Dopo le polemiche dei giorni scorsi, chiesta a gran voce da associazioni e camici bianchi, è arrivata la proroga di un anno, ovvero fino al termine del 2023, della ricetta elettronica. Lo ha stabilito il Governo, riunito in Cdm ieri a Palazzo Chigi, inserendo il posticipo della norma, che scadeva a fine dicembre, nel milleproroghe all’esame del Consiglio dei ministri. La misura, che consente ai medici di ricorrere alla ricetta elettronica sostituendo quella cartacea, era contenuta in un’ordinanza legata alla pandemia ed aveva trovato apprezzamento da una larga fetta degli italiani.
“La proroga della ricetta elettronica – ha dichiarato all’Adnkronos Salute Filippo Anelli, presidente della Federazione nazionale degli Ordini dei medici (Fnomceo) – è un vero regalo di Natale, per pazienti e medici. È un’ottima notizia, perché restituisce ai cittadini un pezzo di sistema sanitario efficiente che consente di poter andare in farmacia con lo smartphone per ritirare i farmaci o per eseguire una prestazione senza stampare inutilmente la ricetta”. Inoltre “dà la possibilità al medico di gestire meglio il rapporto con l’assistito, riducendo la parte burocratica e liberando tempo per la relazione di cura”. Inviare ricette elettroniche “significa anche avere anche più rispetto per l’ambiente.
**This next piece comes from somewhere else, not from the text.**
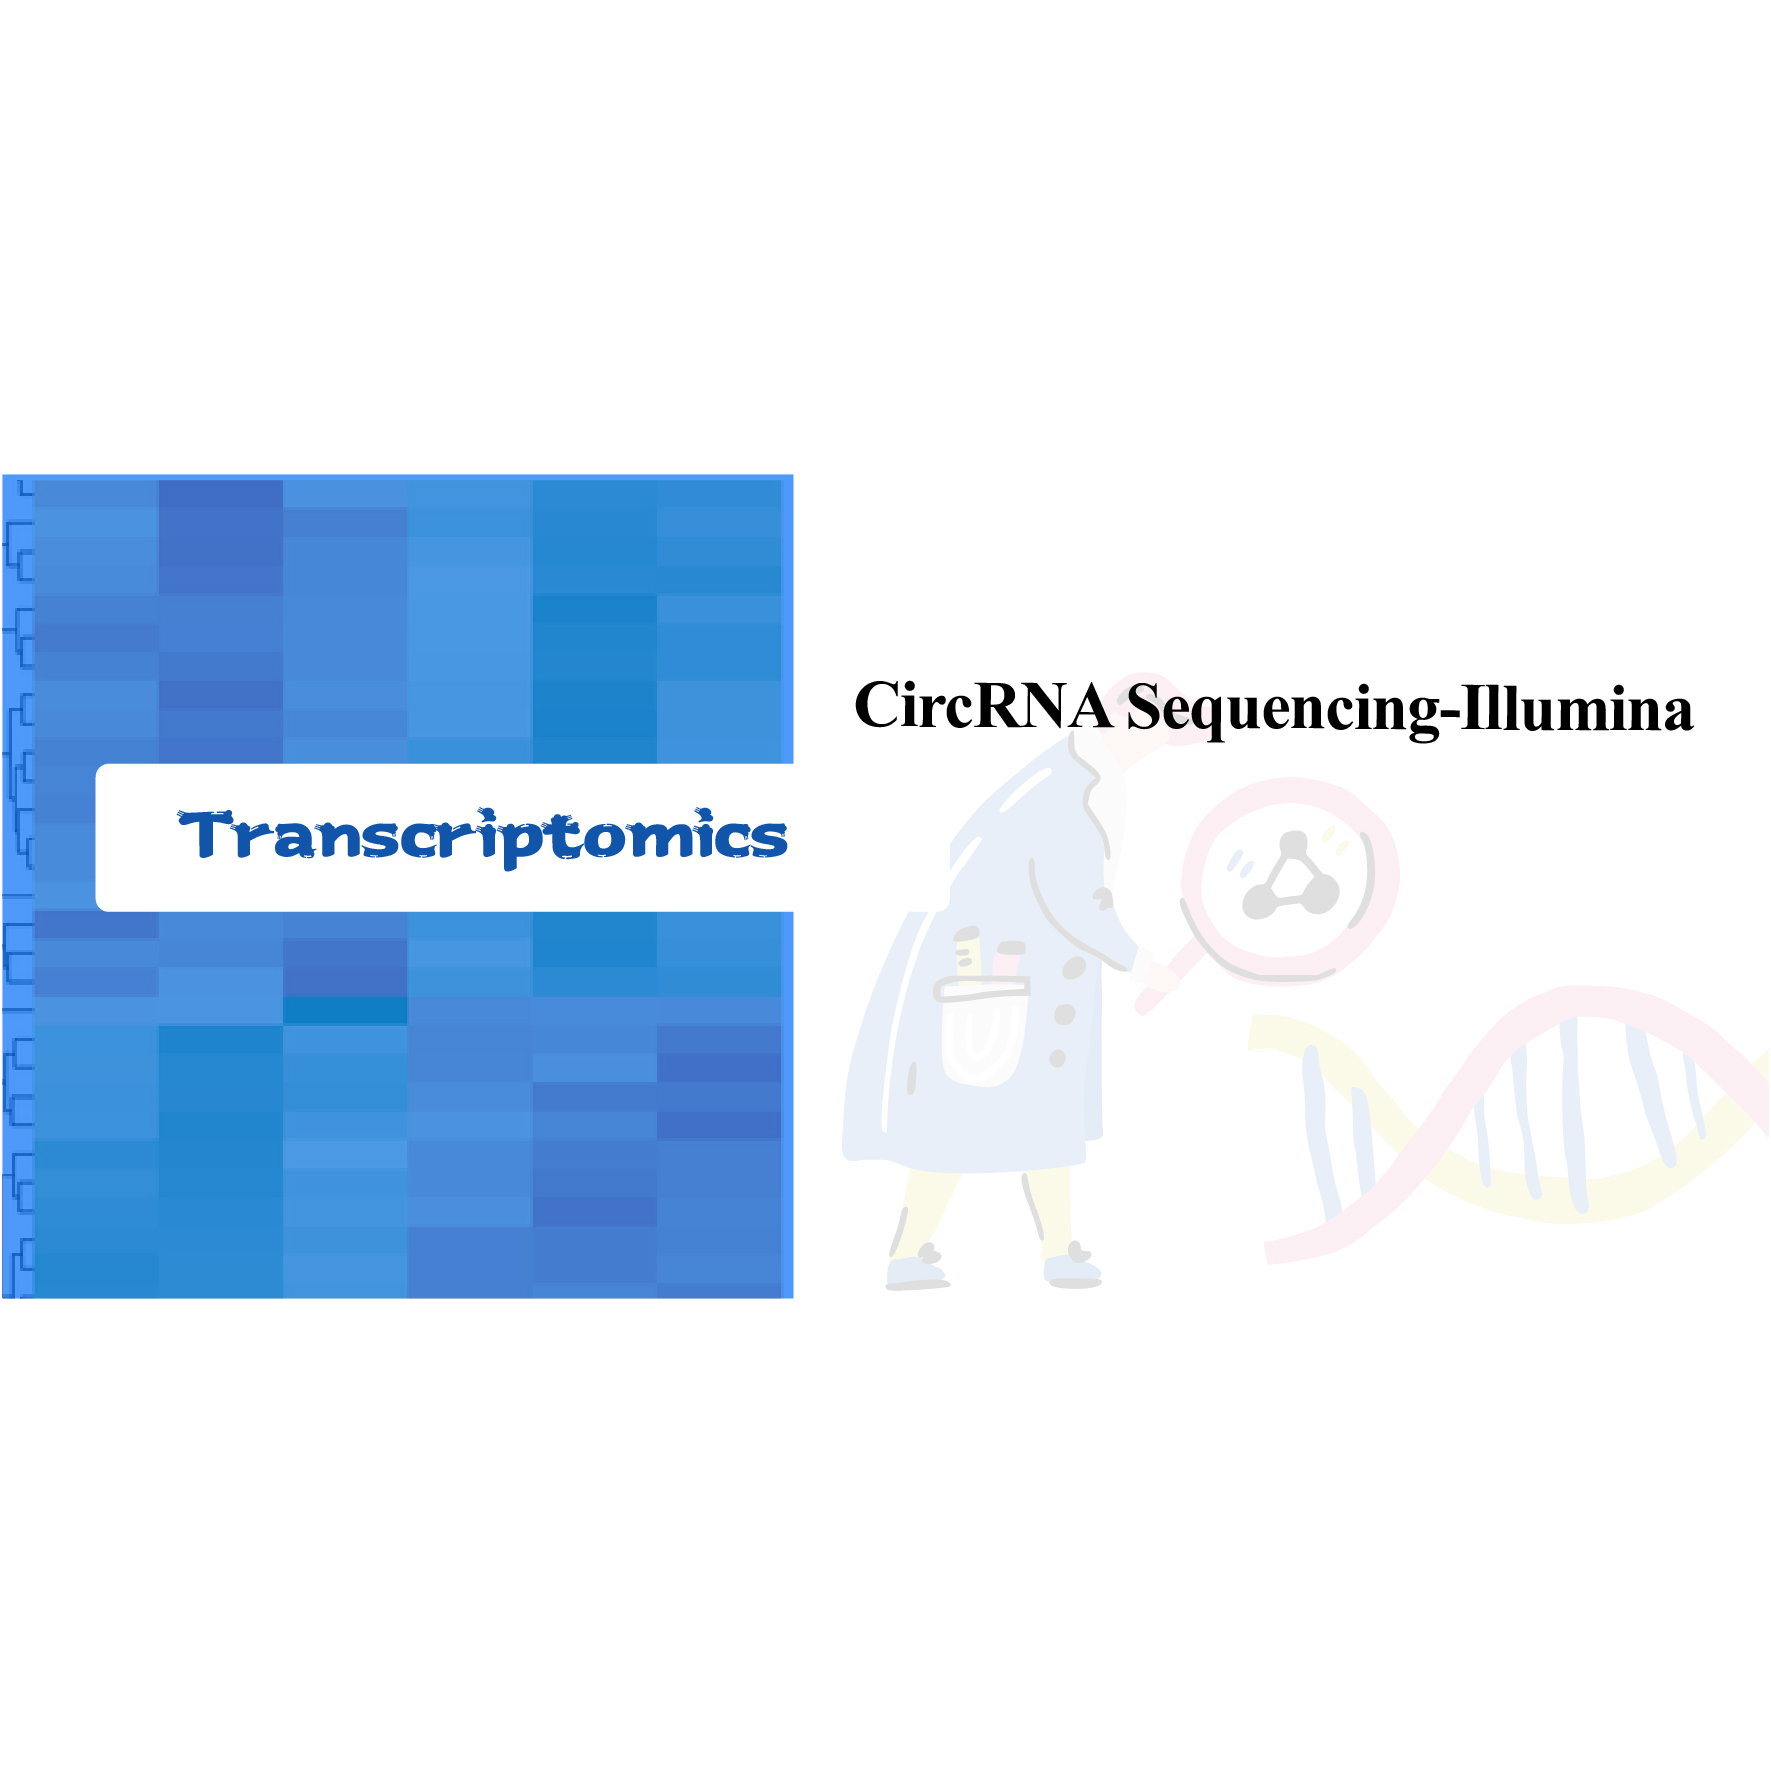 circRNA sequencing-Illumina Featured Image

Si risparmia carta, si evita il consumo di toner”, conclude Anelli convinto che “migliore notizia non ci potesse essere per le feste”.
Solo pochi giorni fa l’associazione dei consumatori Adiconsum aveva inviato un appello al Ministro della Salute, chiedendo che la ricetta “dematerializzata” diventi strutturale perché “nell’era della digitalizzazione, il ritorno alla ricetta tradizionale sarebbe un passo indietro inconcepibile”.
Secondo Carlo De Masi, Presidente di Adiconsum nazionale, “la ricetta elettronica rappresenta una semplificazione non di poco conto nell’era della digitalizzazione, considerando anche che il nostro Paese è quello con più persone anziane d’Europa”.
A chiedere che l’utilizzo della ricetta digitale diventi strutturale è anche il Sindacato Medici italiani (Smi), perché – spiega Pina Onotri, segretario Generale del Sindacato – “libererebbe i medici da impropri carichi burocratici”.